# ComosDb - MongoDB + Azure Cogntive Search
This sample shows how to create and use search index on Azure Cognitive Search when your data is in CosmosDB - MongoDB.

### Requirements
1. Install python packages in requirements.txt
2. retrieve your CosmosDB connection string and update the value in your .env file. Your connection string can be found on [portal.azure.com](portal.azure.com)
   1. Look for your CosmosDB - MongoDB account and navigate to "Connection strings" section. Copy any of the primary or secondary connection string in your .env file


In [1]:
import pandas as pd
import pymongo
import openai
import requests
import json
from dotenv import dotenv_values

### Load environment variables and keys

In [None]:
from urllib.parse import quote_plus

# Escape the username and password
username = quote_plus("USERNAME")
password = quote_plus("PASSWORD")

CONNECTION_STRING =f"mongodb+srv://{username}:{password}@lab-vcore.mongocluster.cosmos.azure.com/?tls=true&authMechanism=SCRAM-SHA-256&retrywrites=false&maxIdleTimeMS=120000"

INDEX_NAME = "food-reviews-index"
NAMESPACE = "food-reviews.food-collection"
DB_NAME, COLLECTION_NAME = NAMESPACE.split(".")

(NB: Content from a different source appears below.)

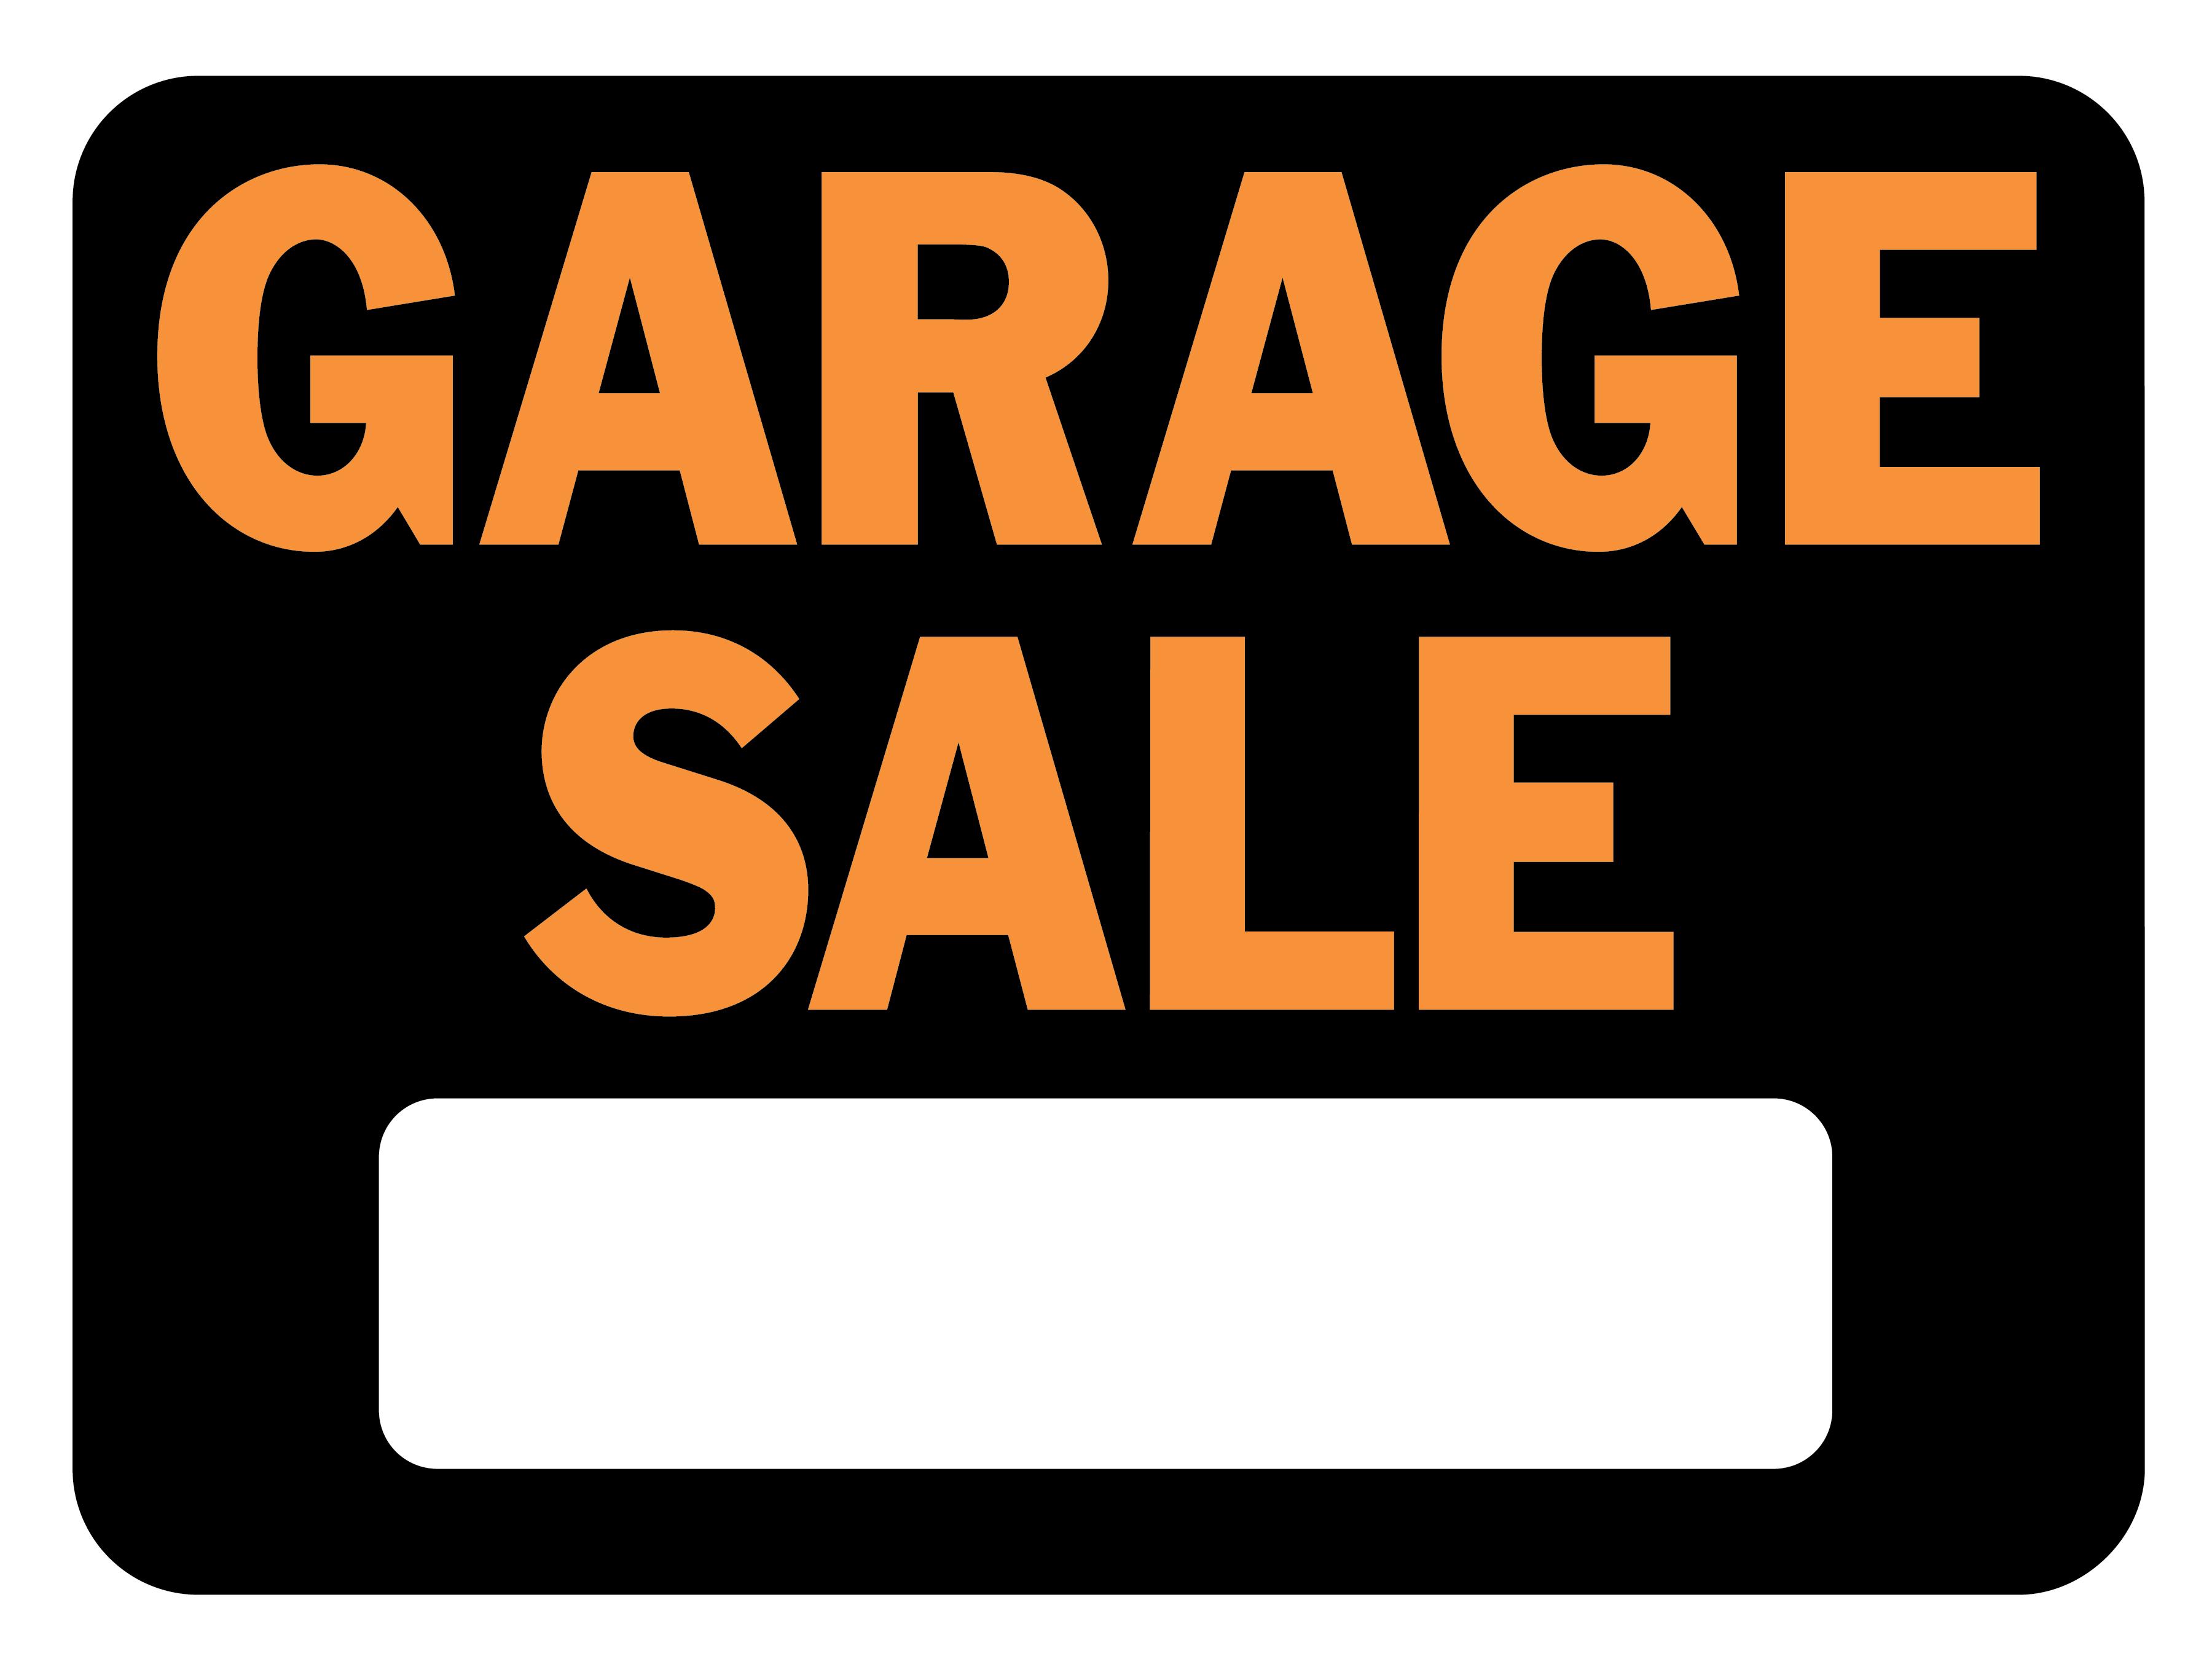 3600x2700 Free Printable Yard Sale Signs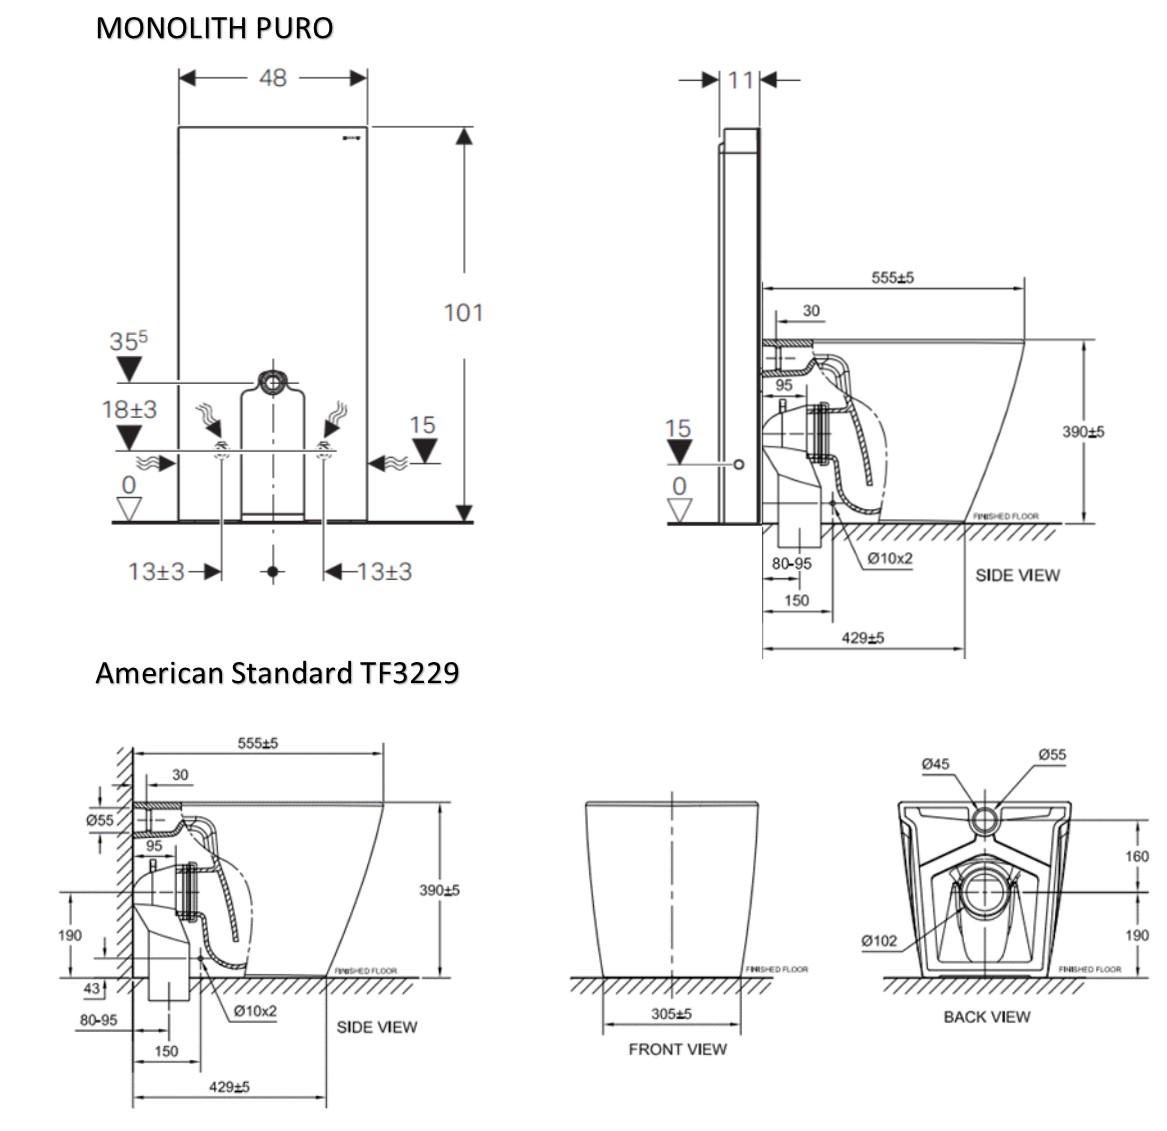 American Standard Tf3229 With Geberit Monolith Black Bacera

COG_SEARCH_KEY = "YOU_COG_SEARCH_KEY"
COG_SEARCH_ENDPOINT = "YOU_COG_SEARCH_ENDPOINT"
# Set up the OpenAI Environment Variables

In [14]:
df = pd.read_csv(r"C:\Users\msi\ai-assistant\Reviews_small.csv")
df.describe()

Unnamed: 0,Id,HelpfulnessNumerator,HelpfulnessDenominator,Score,Time
count,99.0,99.0,99.0,99.0,99.0
mean,50.0,1.282828,1.515152,4.292929,1293756000.0
std,28.722813,2.976234,3.035046,1.222681,57766600.0
min,1.0,0.0,0.0,1.0,1107821000.0
25%,25.5,0.0,0.0,4.0,1280448000.0
50%,50.0,0.0,0.0,5.0,1317168000.0
75%,74.5,1.0,2.0,5.0,1333973000.0
max,99.0,19.0,19.0,5.0,1351210000.0


### Establish a connection to the database

In [3]:
client = pymongo.MongoClient(CONNECTION_STRING)

  client = pymongo.MongoClient(CONNECTION_STRING)


### Create the database and collection

In [4]:
# Create database if it doesn't exist
db = client[DB_NAME]
if db not in client.list_database_names():
    # Create a database with 400 RU throughput that can be shared across
    # the DB's collections
    db.command({"customAction": "CreateDatabase", "offerThroughput": 400})
    print("Created db '{}' with shared throughput.\n".format(DB_NAME))
else:
    print("Using database: '{}'.\n".format(DB_NAME))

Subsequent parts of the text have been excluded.